(Data to examine begins)
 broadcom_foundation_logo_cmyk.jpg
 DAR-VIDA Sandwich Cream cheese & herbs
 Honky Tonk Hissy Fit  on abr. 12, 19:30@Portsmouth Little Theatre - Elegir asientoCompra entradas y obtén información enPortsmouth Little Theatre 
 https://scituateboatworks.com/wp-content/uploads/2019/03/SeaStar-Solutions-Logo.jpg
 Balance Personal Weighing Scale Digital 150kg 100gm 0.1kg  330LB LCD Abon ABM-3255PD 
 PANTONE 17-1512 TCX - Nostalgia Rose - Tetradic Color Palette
(Data to examine ends)
- Task directions -
Taking the lines above, repeat exactly those from the line that contains "Honky Tonk Hissy" through the line that contains "Balance Personal Weighing", and both of those lines as well. Include nothing else.

- Response -
 Honky Tonk Hissy Fit  on abr. 12, 19:30@Portsmouth Little Theatre - Elegir asientoCompra entradas y obtén información enPortsmouth Little Theatre 
 https://scituateboatworks.com/wp-content/uploads/2019/03/SeaStar-Solutions-Logo.jpg
 Balance Personal Weighing Scale Digital 150kg 100gm 0.1kg  330LB LCD Abon ABM-3255PD 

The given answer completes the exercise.